Action item » With the pictures removed, write out the full listing below exactly.

Recorded information »

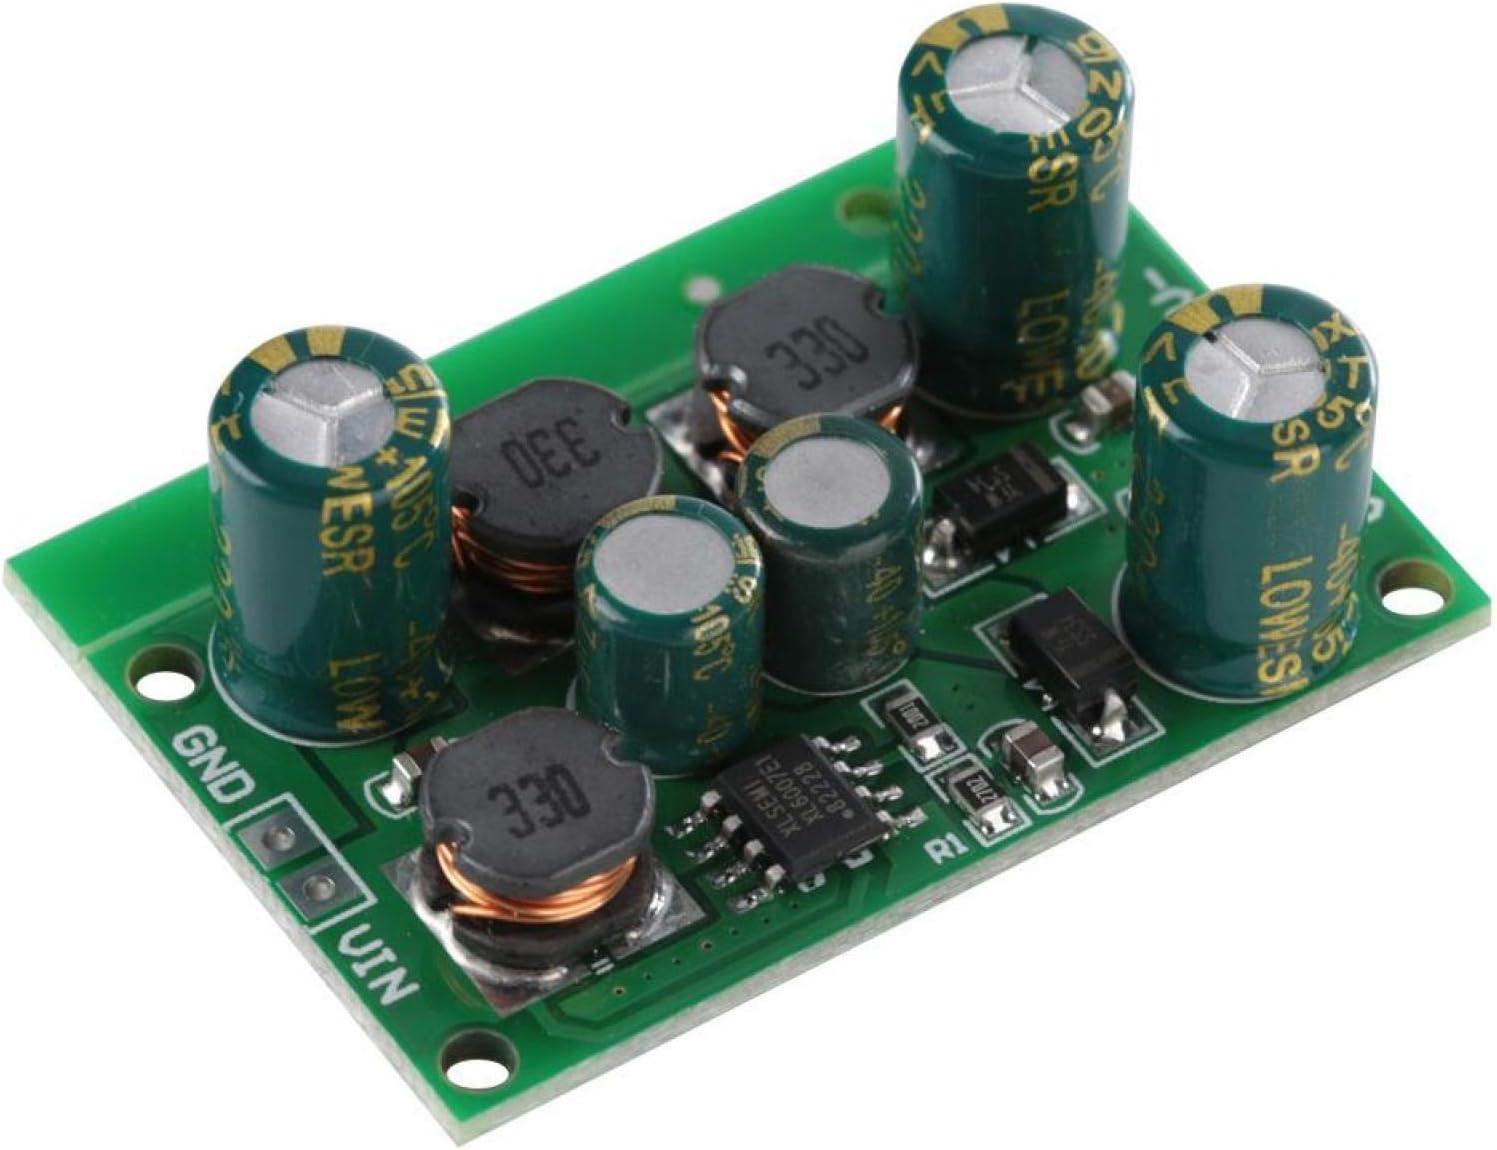 Jeanoko Positive and Negative Voltage Regulator DC-DC Boost Converter Positive and Negative Power Supply Boost Regulator(Output Voltage ±12VDC)
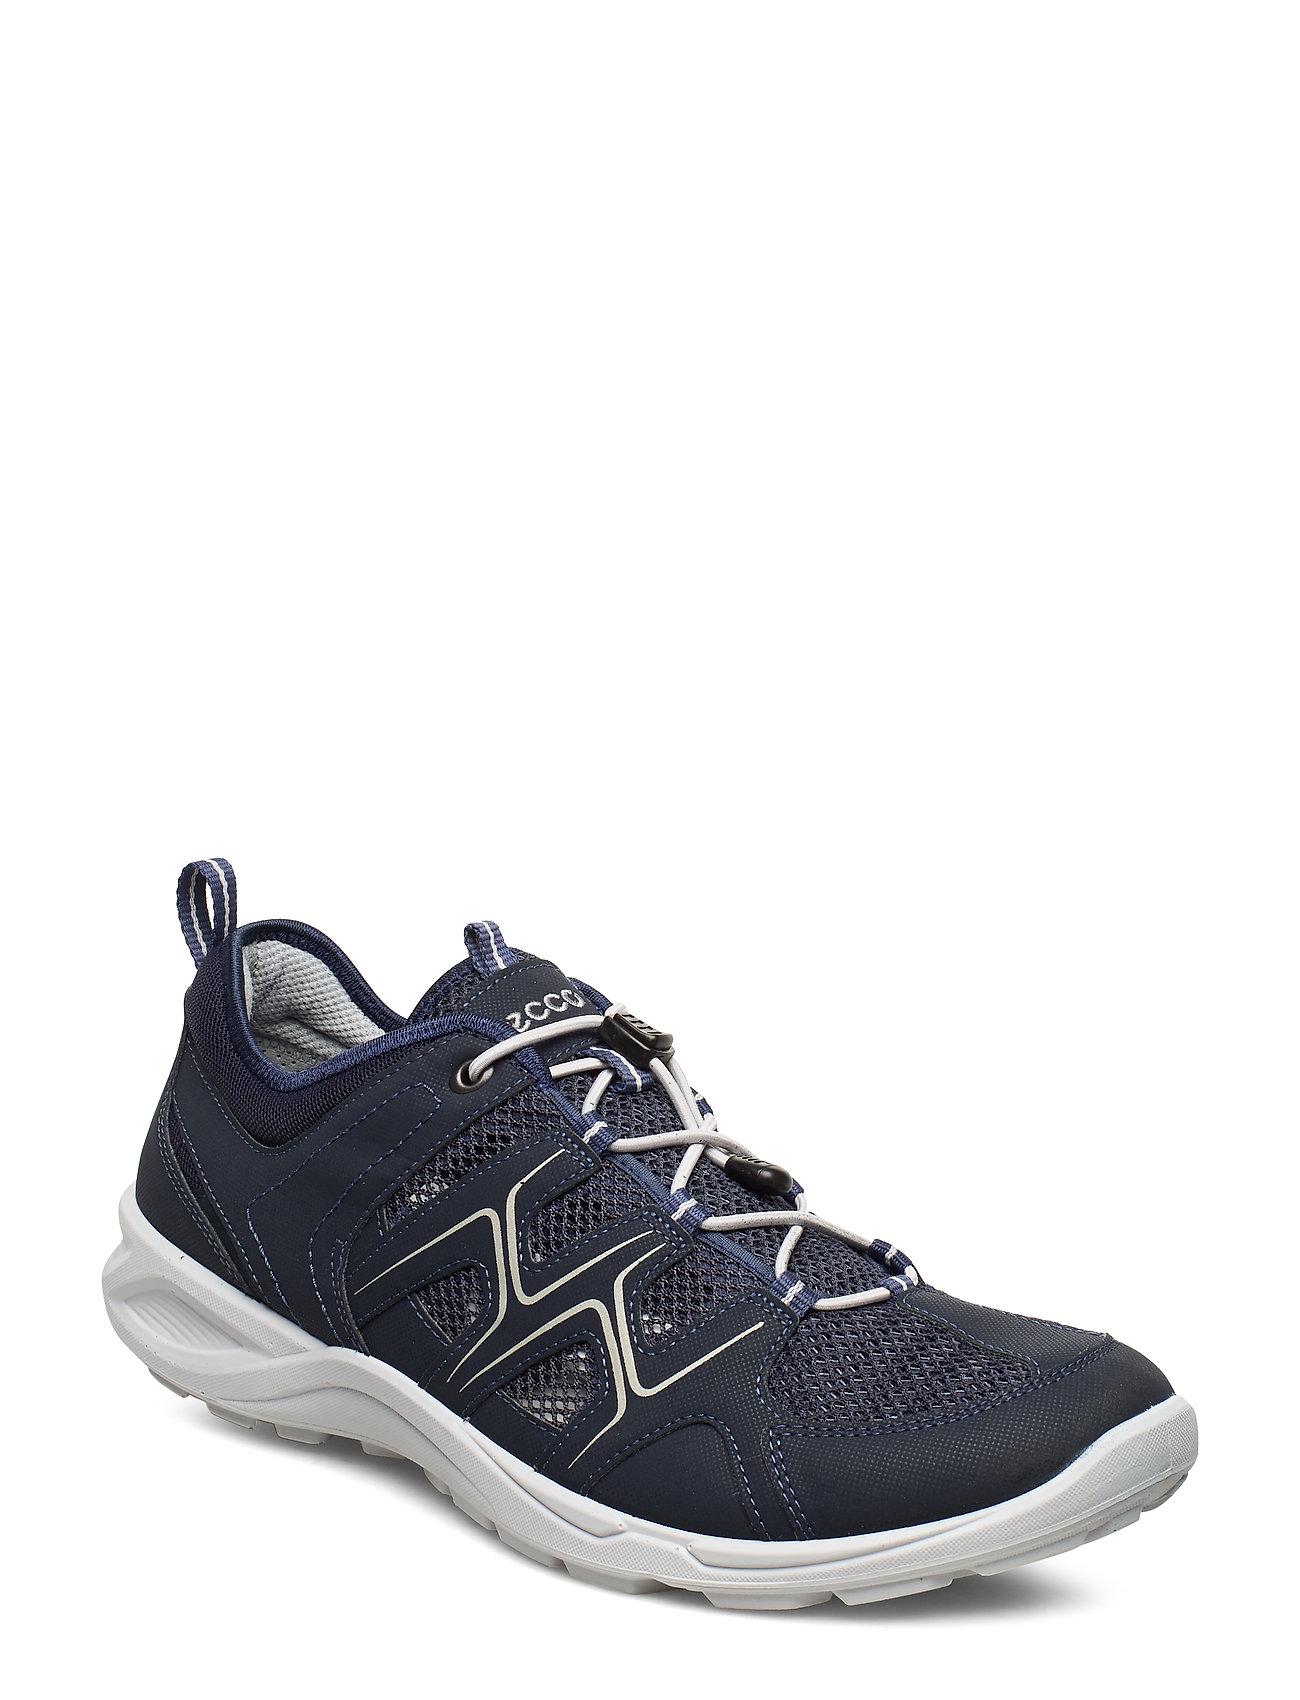 Image of Terracruise Lt M Low-top Sneakers Blå ECCO (3304134773)
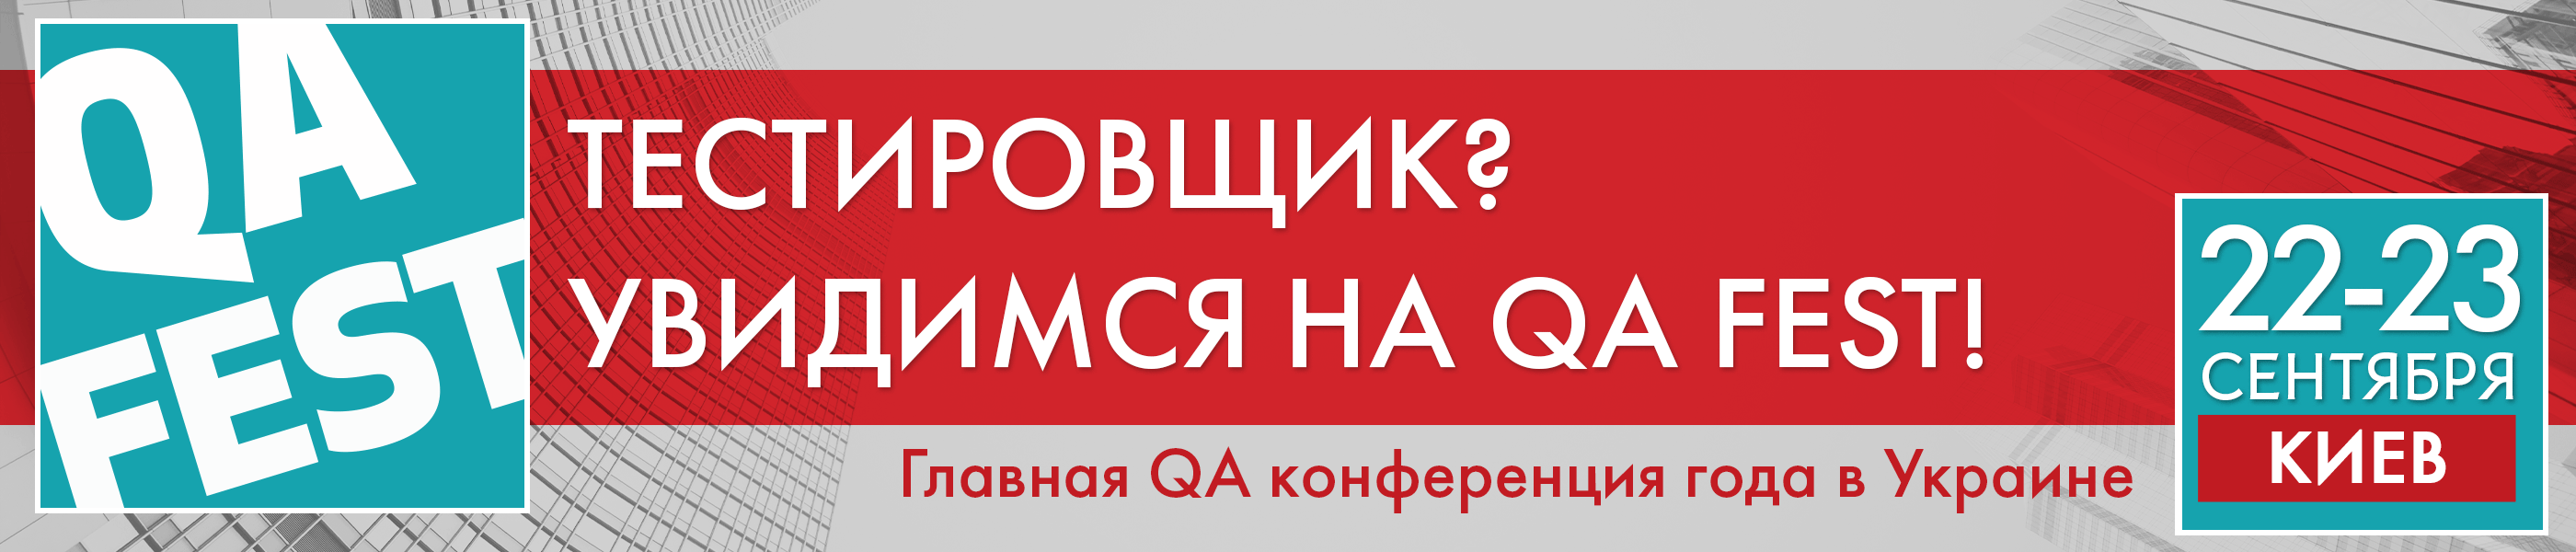 QA_fest_DOU3_mac

Result of this task »
 Jeanoko Positive and Negative Voltage Regulator DC-DC Boost Converter Positive and Negative Power Supply Boost Regulator(Output Voltage ±12VDC)
 Image of Terracruise Lt M Low-top Sneakers Blå ECCO (3304134773)
 QA_fest_DOU3_mac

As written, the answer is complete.